ちちらあと 「お菓子の窓からのぞいたら」第31回

メキシコの3種類の飲み物。
右から、トウモロコシ粉の「アトレ」、チョコラーテ入りアトレ「チャンプラード」、「チョコラーテ」
 

「ちちらあと」というへんてこりんな名前の南蛮菓子が、江戸時代初期の「南蛮料理書」の中に出てきます。この菓子は胡麻と砂糖を主材料にしたもので、その後「ちくう糖」などとも呼ばれました。私はこれが、飲む「チョコラーテ」(スペイン語でチョコレートの意)と関連しているのではないかと思っています。

日本ではチョコレートを飲むことになじみがありません。日本で親しまれるココアは、19世紀になり、オランダのヴァン・ホーテンがチョコレートの原料のカカオから脱脂に成功したことで生まれました。しかし、中米のマヤ・アステカなどでは、古代よりカカオが飲まれていました。

カカオは、神事には欠かせず、王の飲み物でもありました。トウモロコシ、唐辛子やバニラなどを加え、高い位置から注ぐことで泡立てて飲んだようです。神事の際には、アチョーテ(ベニノキ)の実を入れて赤く染めました。生贄の血に似せるためもあったようですが、アチョーテは、今も祝い料理の色づけなどに使われています。 

マヤ・アステカをはじめ、中米の人々の主食はトウモロコシです。トウモロコシは、カカオより一足先に、コロンブスによりヨーロッパへ持ち込まれると、世界中に浸透しましたが、原産地は中米です。トウモロコシやカカオは脚付きの石板の上で石棒を前後にころがすようにして挽きました。トウモロコシの練り粉をバナナの葉で包んで蒸し焼きにする粽のような「タマレス」や、トウモロコシ粉を湯に溶いてトロリとさせた葛湯のような飲み物「アトレ」は、今もメキシコ料理の定番です。ちょうど11月1、2日がメキシコのお盆に当たるのですが、先祖を祀る祭壇には、これらの料理が欠かせません。

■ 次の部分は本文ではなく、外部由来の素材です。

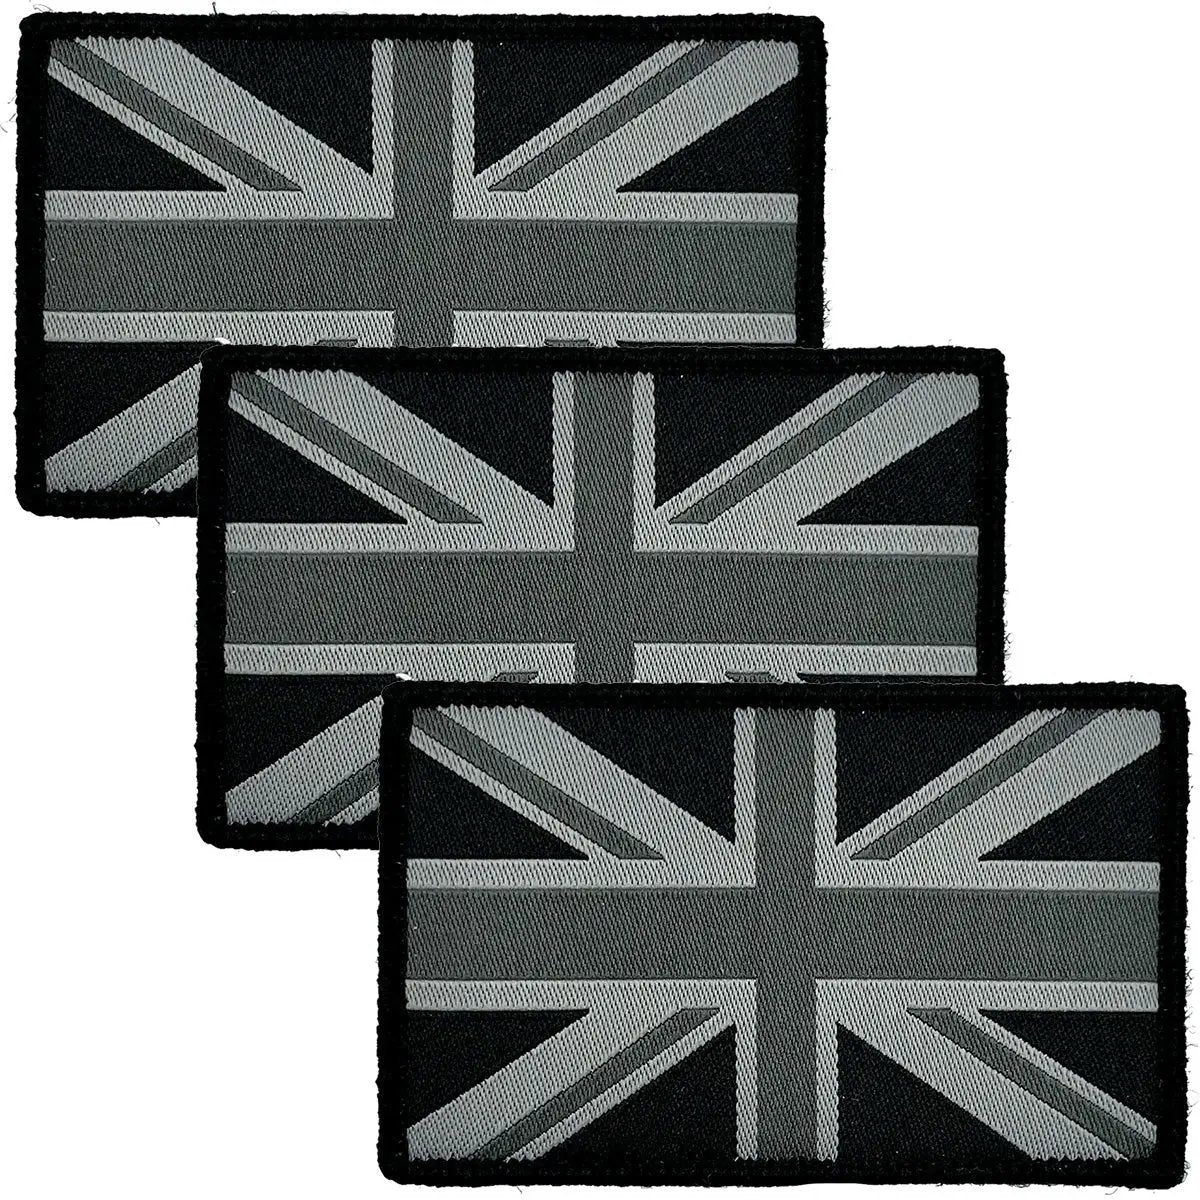 Union Jack Patch with Hook and Loop Backing - John Bull Clothing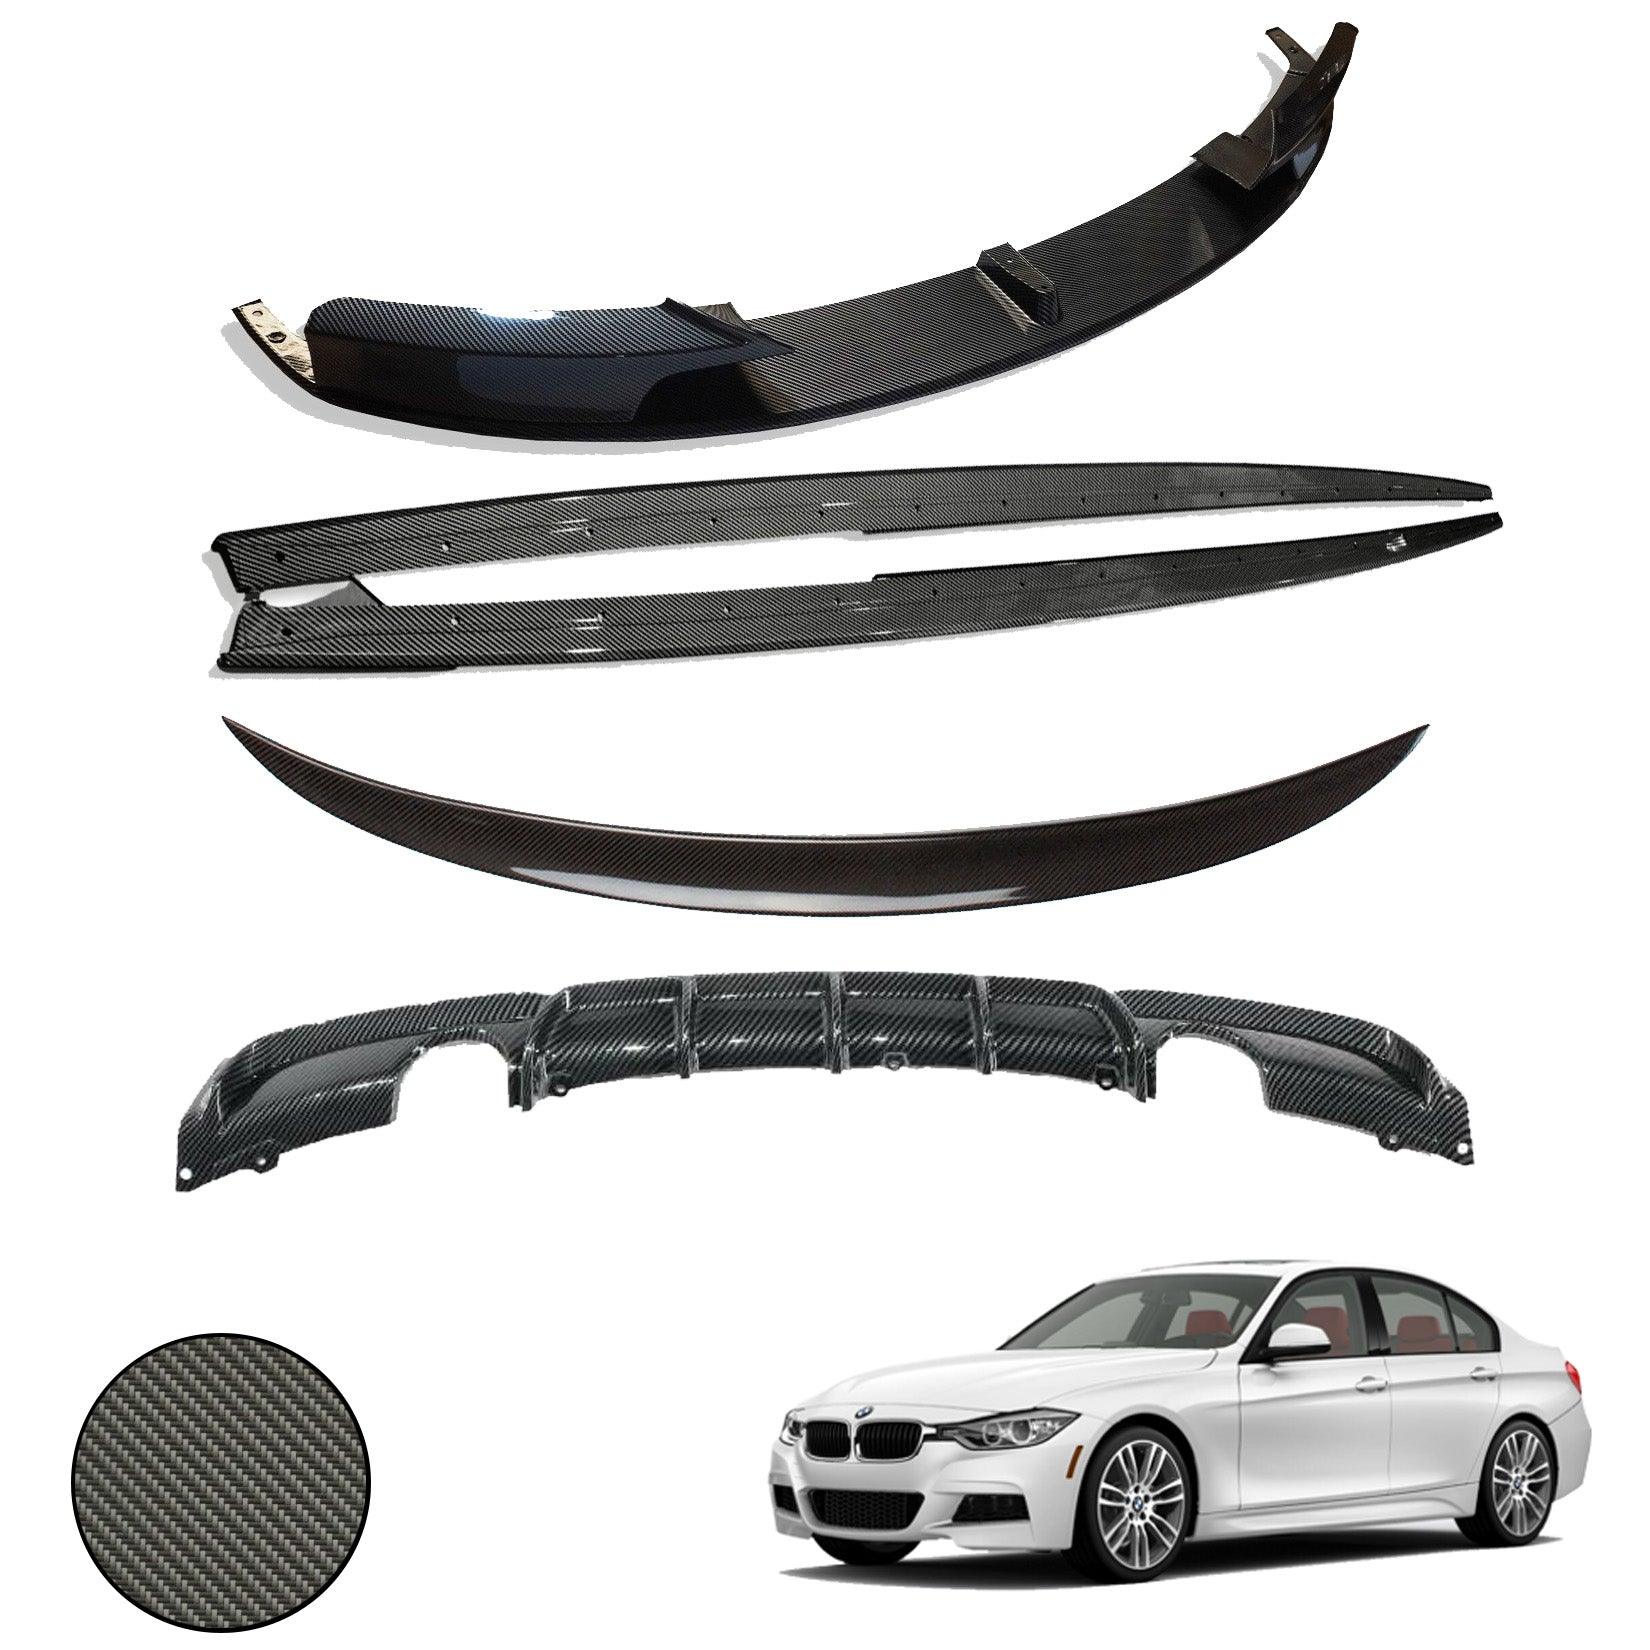 BMW 3 SERIES F30 2012-2018 FULL AERO BODY KIT IN CARBON LOOK - DIFFUSER 0___0 - RisperStyling

葛湯のような「アトレ」にカカオを混ぜたものは「チャンプラード」と呼ばれました。その後、侵略者であるスペイン人が持ち込んだ砂糖栽培の大規模農園化が進むと、粗糖やシナモンを加えたチョコラーテも飲むようになりました。

飲むチョコラーテは、毎回豆から挽いて飲むわけではありません。湯や牛乳に溶かすだけで飲めるように、砂糖やシナモンとすり合わせ、板状や円盤状の塊にしておきます。この飲むための塊もチョコラーテと呼ぶので、日本で「ちちらあと」と記録された可能性があると思っています。

バルセロナの飲むチョコラーテ。1回分の包みは「ピエドラ(石)」と呼ぶ

チョコラーテは海を渡り、まずスペイン・カタルーニャの港町、バルセロナあたりから修道院へ持ち込まれました。カタルーニャの修道院には1534年の記録があるようです。そして、修道院経由で広まっていきました。バルセロナにある老舗チョコラーテ屋さんでは、店の奥で大きな石臼がいつも回っていました。板状のチョコラーテはそのままかじって食べてもいいと教えられ、砂糖がジャリジャリするチョコラーテを食べることもありました。無骨な味わいは、まさに大航海時代を思わせてくれました。

ヌエバ・エスパーニャ(新スペイン=メキシコ)生まれのスペイン人により、1565年にフィリピンまでの航路が確立されると、スペイン国王フェリペ2世にちなんでフィリピンという地名が生まれました。そして、ヌエバ・エスパーニャの支配下にあったフィリピンには、スペインだけでなく、マヤ・アステカ由来のものも流入したのです。たとえば、チョコラーテ味の「チャンプラード」は、フィリピンでは、主材料のトウモロコシが米に代わり、チョコレート粥「チャンポラード」として根付いています。

徳川家康や伊達政宗は、このアカプルコ・マニラ間を行き来する船が領地に寄港するよう、ヌエバ・エスパーニャやスペイン本国との接触を図っていた時期もありました。